STORED DATA:
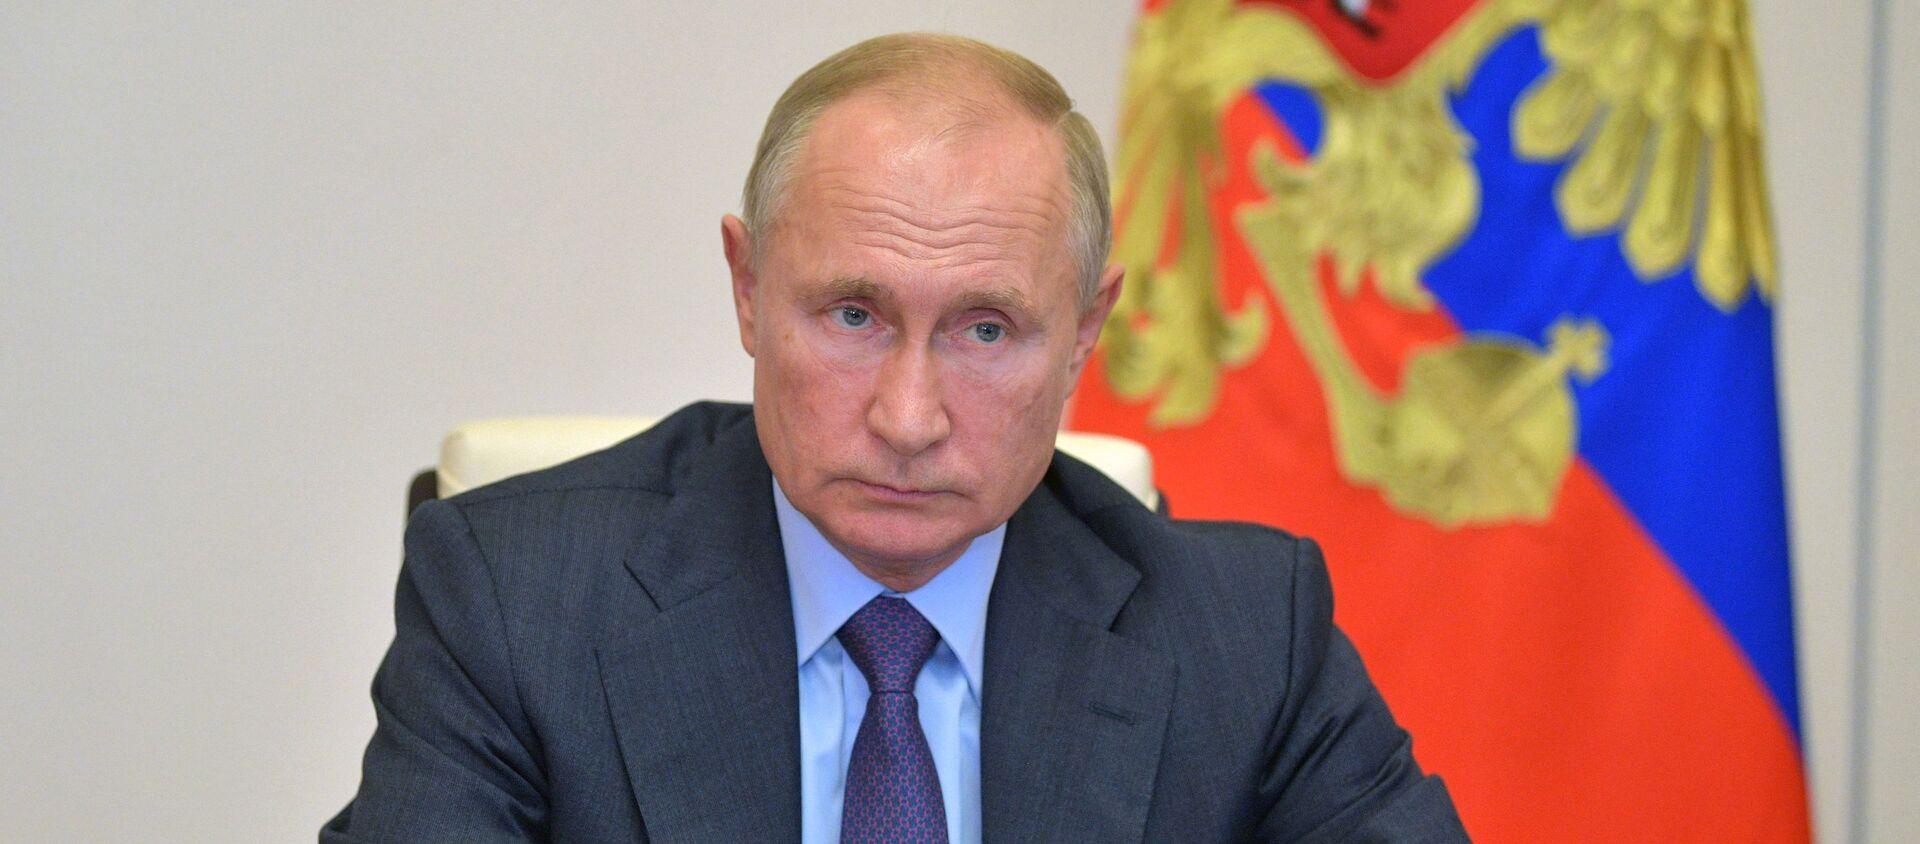 Prezydent Rosji Władimir Putin - Sputnik Polska, 1920, 18.03.2021
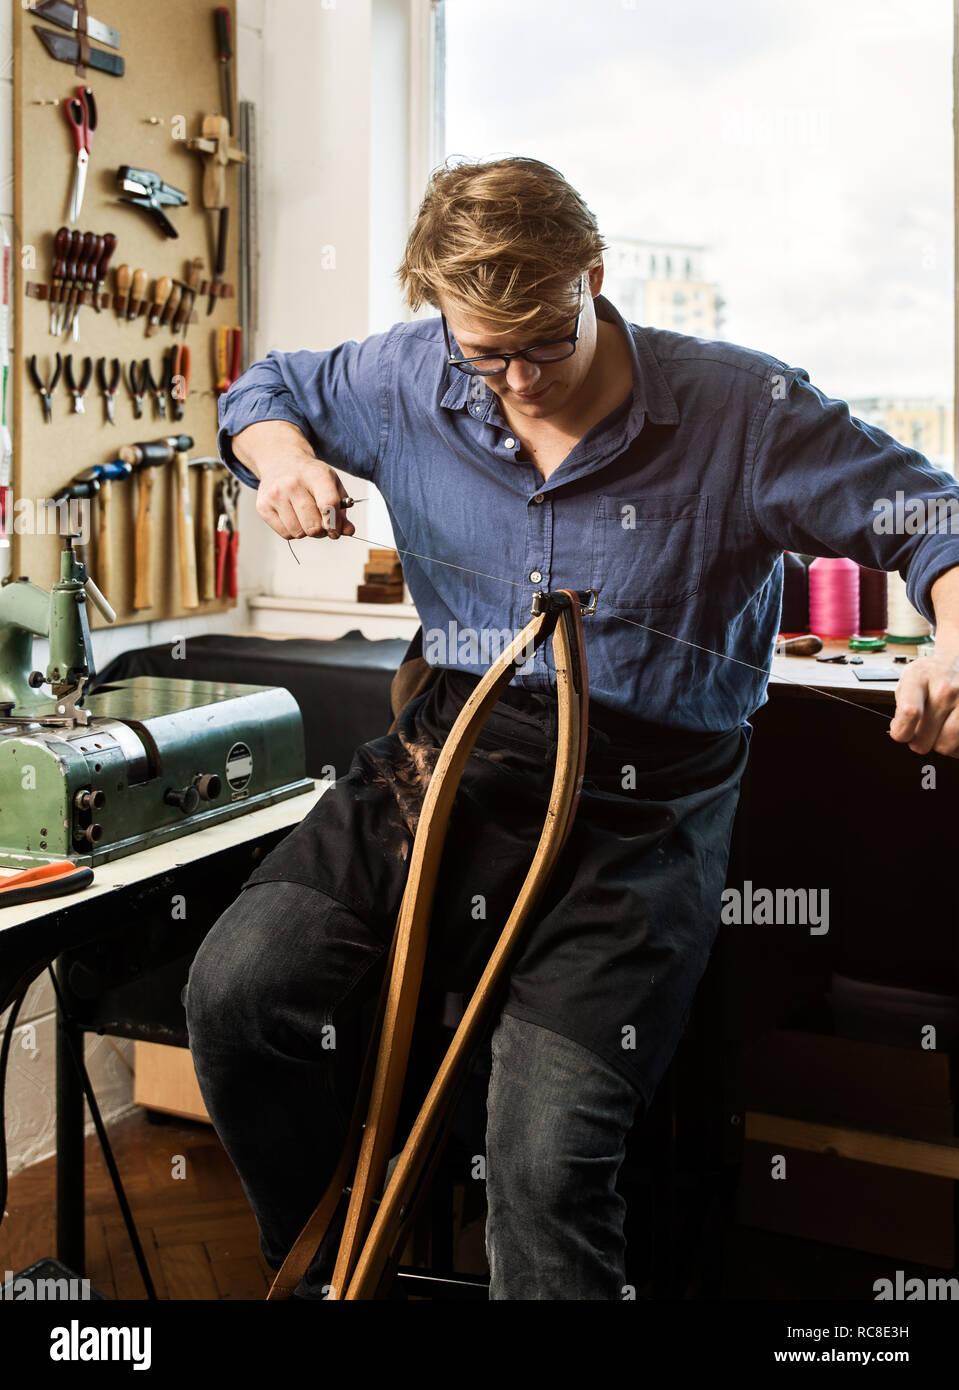 Sattler nähen Leder handtasche Gurte in Werkstatt Stockfoto
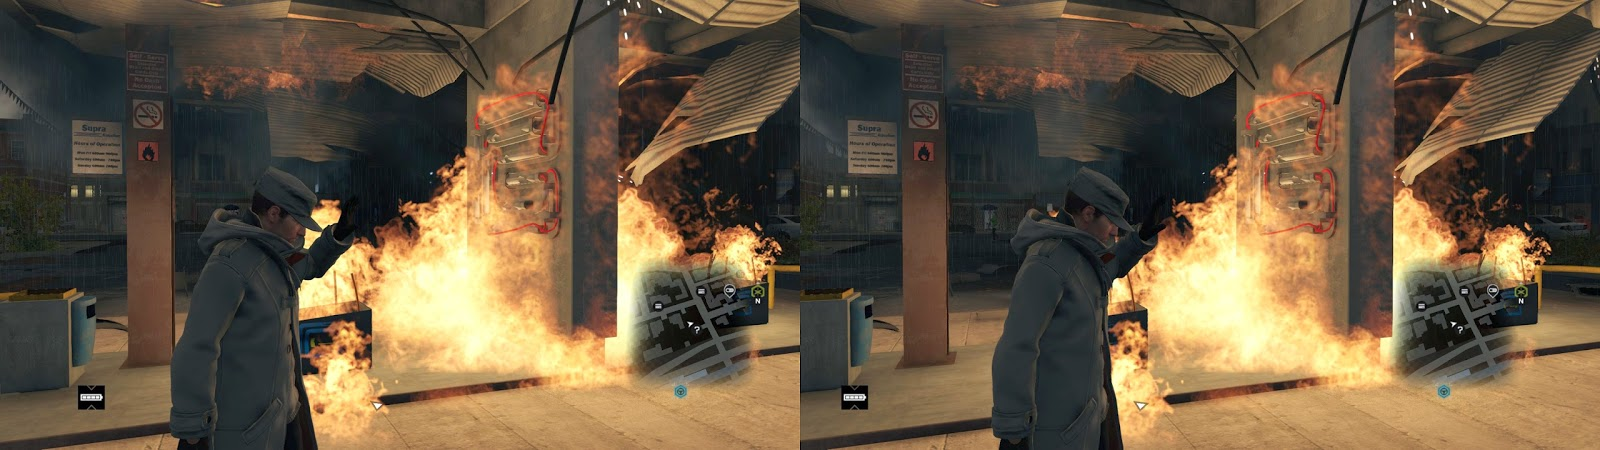 Helix Mod: Watch Dogs - DX11 3DMigoto 3D Vision Fix
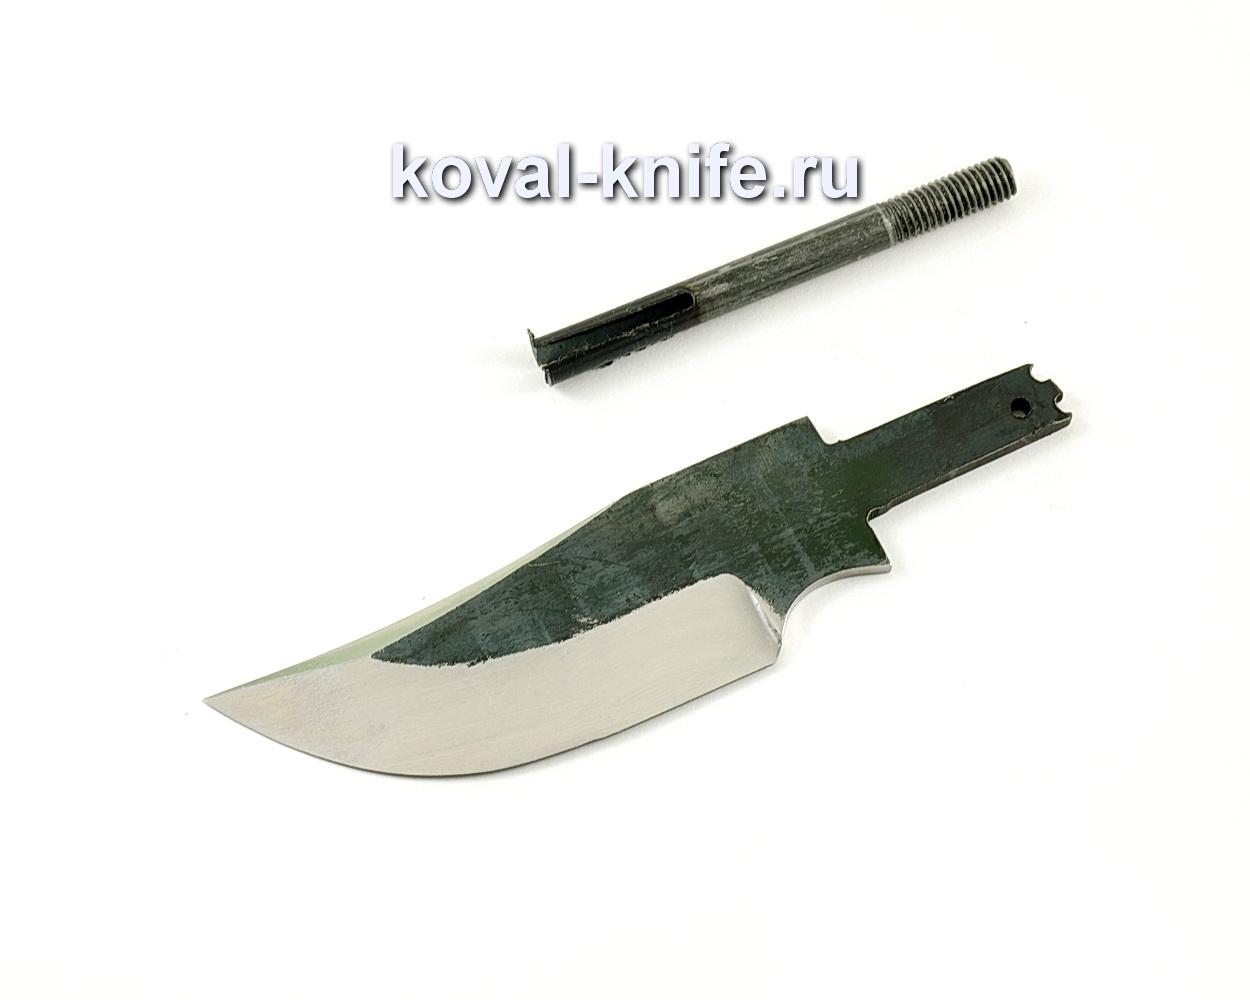 Клинок для ножа Бекас (кованая сталь 110Х18 МШД)

WHAT IS BEING ASKED: Your copy must begin at the line containing "Sattler nähen Leder" and end at the last line of the material above. Reproduce each line exactly, but not the pictures.

TASK SOLUTION:
 Sattler nähen Leder handtasche Gurte in Werkstatt Stockfoto
 Helix Mod: Watch Dogs - DX11 3DMigoto 3D Vision Fix
 Клинок для ножа Бекас (кованая сталь 110Х18 МШД)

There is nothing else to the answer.